髄外疾患(EMD)は、多発性骨髄腫(MM)のリスクの高い特徴であり、新規の免疫療法の時代でも予後因子のままです。ここでは、空間トランスクリプトミクス(Tomo-seq [n = 2]および10x visium [n = 12])を適用し、単一細胞RNAシーケンス(Scrnaseq [n = 3])を14のEMD生検のセットに適用して、3つを分析しました。腫瘍細胞とその微小環境の寸法アーキテクチャ。全体として、浸潤性免疫細胞および間質細胞は、病変上で均一な分布を持たず、患者内および患者間変動の両方を示しました。ゲノムの不安定性と一致して、腫瘍の囲まれた領域に新しいサブクローンの出現を含む、プラズマ細胞内のコピー数レベルで実質的な不均一性を観察しました。さらに、二重特異性抗体療法のための2つの重要な抗原であるGPRC5DとTNFRSF17の空間的発現の違いを特定しました。EMD腫瘤は、T細胞を含むさまざまな免疫細胞に浸透しました。
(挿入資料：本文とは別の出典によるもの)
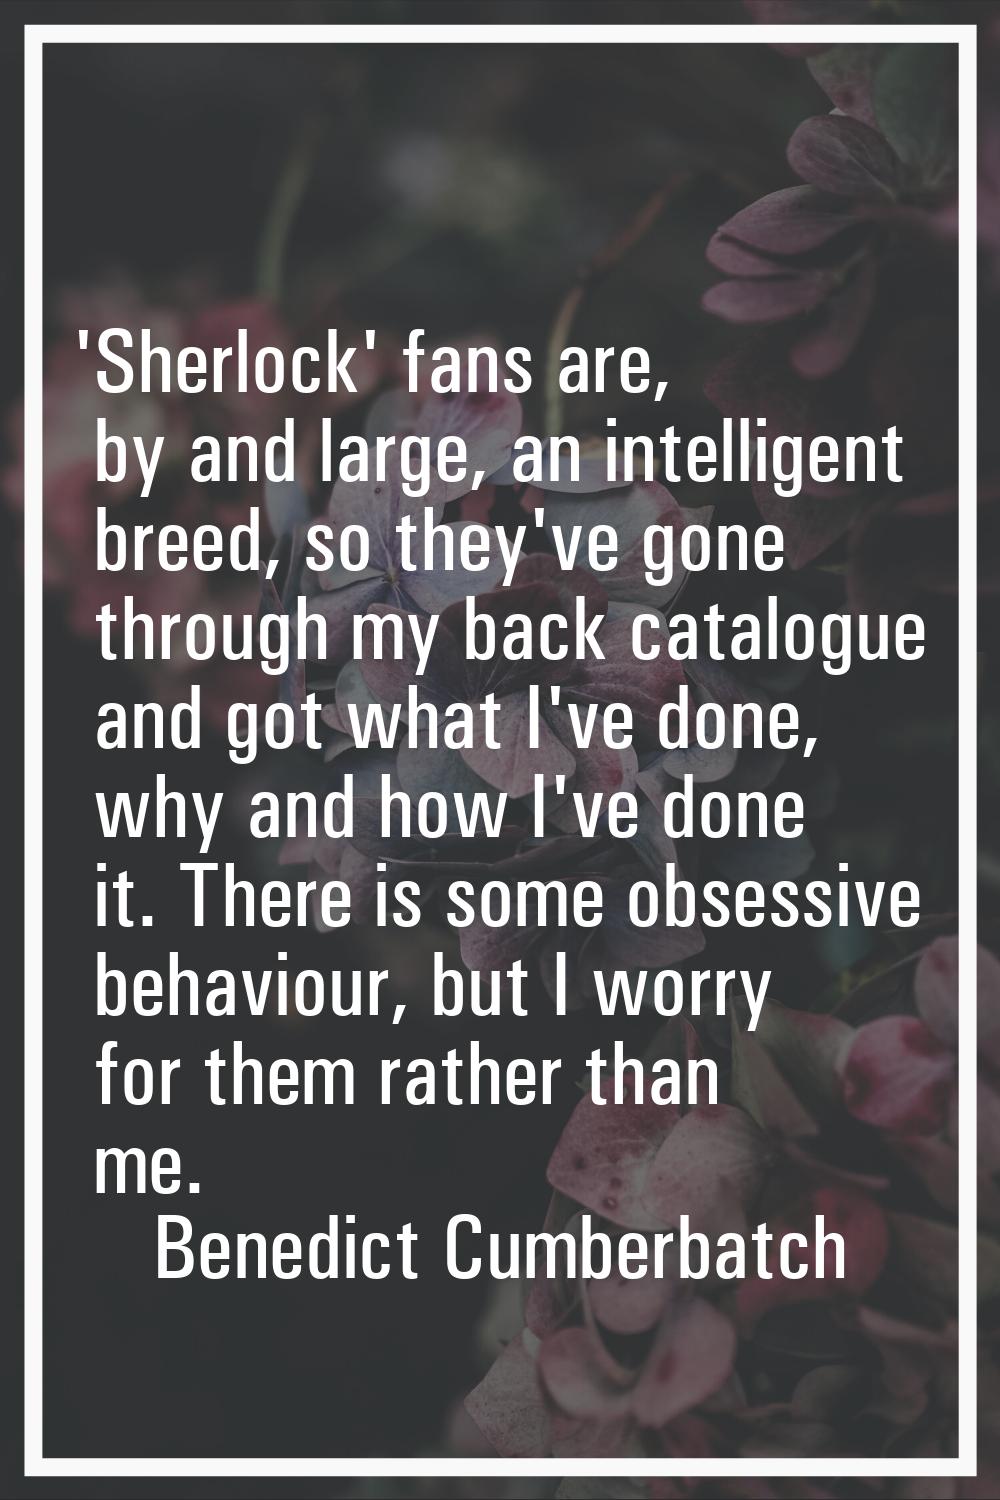 'Sherlock' fans are, by and large, an intelligent breed, so they've gone through my back catalogue

特に、排出されたTIM3+/PD-1+ T細胞はMM細胞と拡散的に共局在していますが、機能的および活性化されたCD8+ T細胞は、腫瘍のない領域のM1マクロファージとともに焦点浸潤パターンを示しました。このフィット感と排出されたT細胞の分離は、T細胞魅力的な二重特異性抗体に対する反応の場合に解決されました。MM細胞と微小環境細胞は、免疫活性化と血管新生に影響を与える複雑なネットワークに埋め込まれ、酸化的リン酸化がEMD病変内の主要な代謝プログラムを表しています。要約すると、空間トランスクリプトームは、潜在的な新しい治療手段としてチェックポイント阻害と二重ターゲティングを伴うEMDの多細胞生態系を明らかにしました。
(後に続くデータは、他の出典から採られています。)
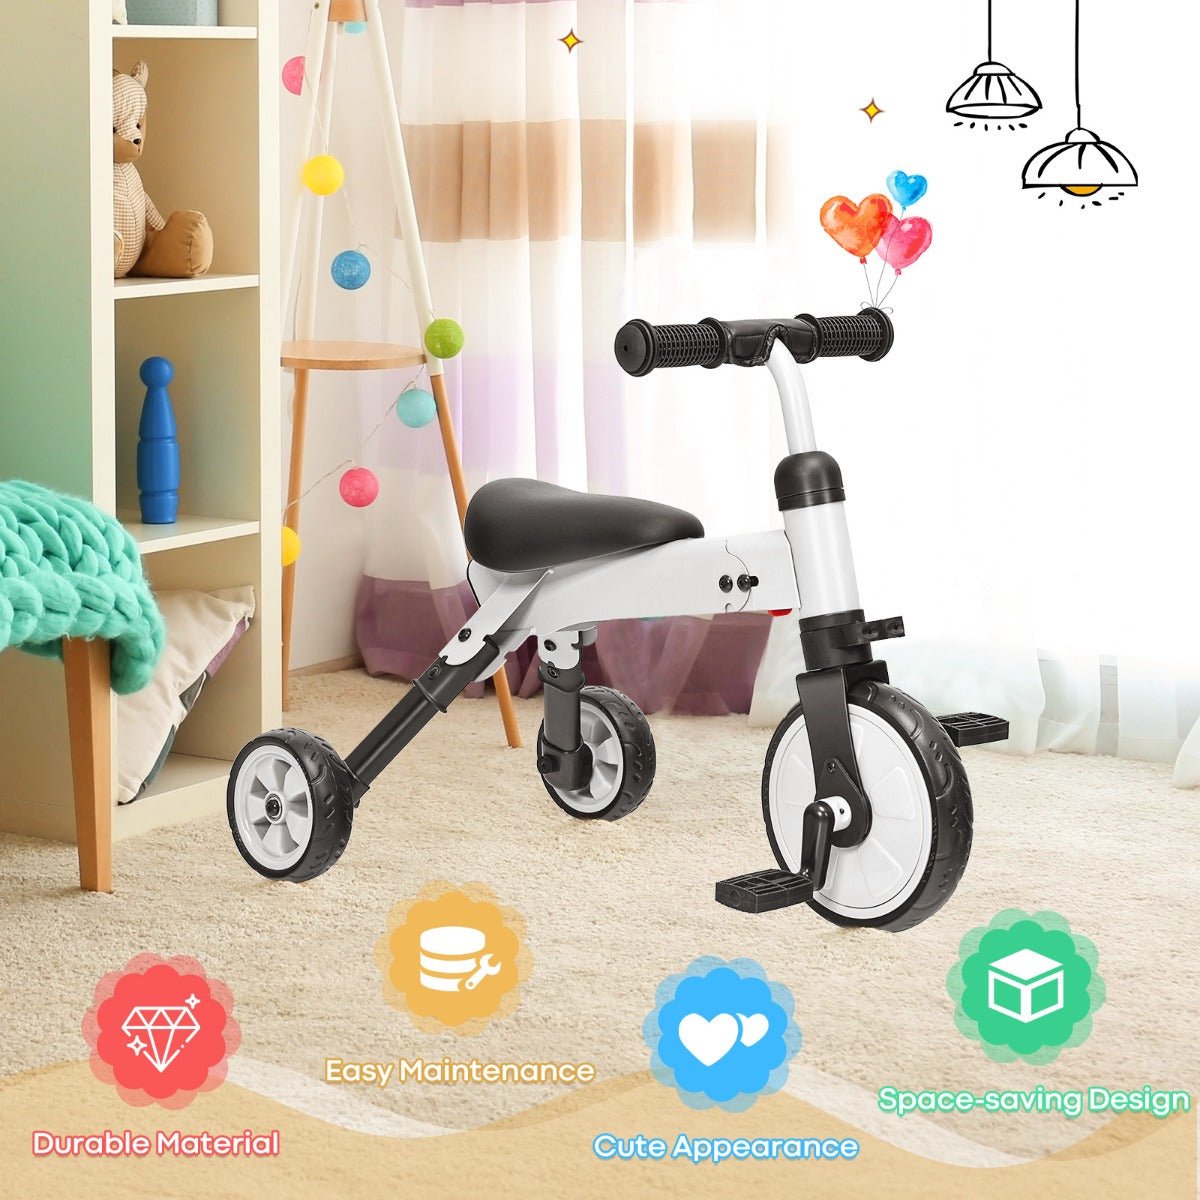 Exploring Freedom: 2-in-1 Trike with Detachable Pedals for Growing Toddlers

Extramedullary disease (EMD) is a high-risk feature of multiple myeloma (MM) and remains a poor prognostic factor even in the era of novel immunotherapies. Here we applied spatial transcriptomics (tomo-seq [n=2] and 10X Visium [n=12]), and single-cell RNA sequencing (scRNAseq [n=3]) to a set of 14 EMD biopsies to dissect the three-dimensional architecture of tumor cells and their microenvironment. Overall, the infiltrating immune and stromal cells showed both intra- and inter-patient variation with no uniform distribution over the lesion. We observed substantial heterogeneity at the copy number level within plasma cells, including the emergence of new subclones in circumscribed areas of the tumor, consistent with genomic instability. We further identified spatial expression differences of GPRC5D and TNFRSF17, two important antigens for bispecific antibody therapy. EMD masses were infiltrated by various immune cells, including T-cells. Notably, exhausted TIM3+/PD-1+ T-cells diffusely co-localized with MM cells, whereas functional and activated CD8+ T-cells showed a focal infiltration pattern along with M1 macrophages in otherwise tumor-free regions. This segregation of fit and exhausted T-cells was resolved in the case of response to T-cell engaging bispecific antibodies. MM cells and microenvironment cells were embedded in a complex network that influenced immune activation and angiogenesis, and oxidative phosphorylation represented the major metabolic program within EMD lesions. In summary, spatial transcriptomics has revealed a multicellular ecosystem in EMD with checkpoint inhibition and dual targeting as potential new therapeutic avenues.
医師のための臨床サポートサービス
ヒポクラ x マイナビのご紹介
無料会員登録していただくと、さらに便利で効率的な検索が可能になります。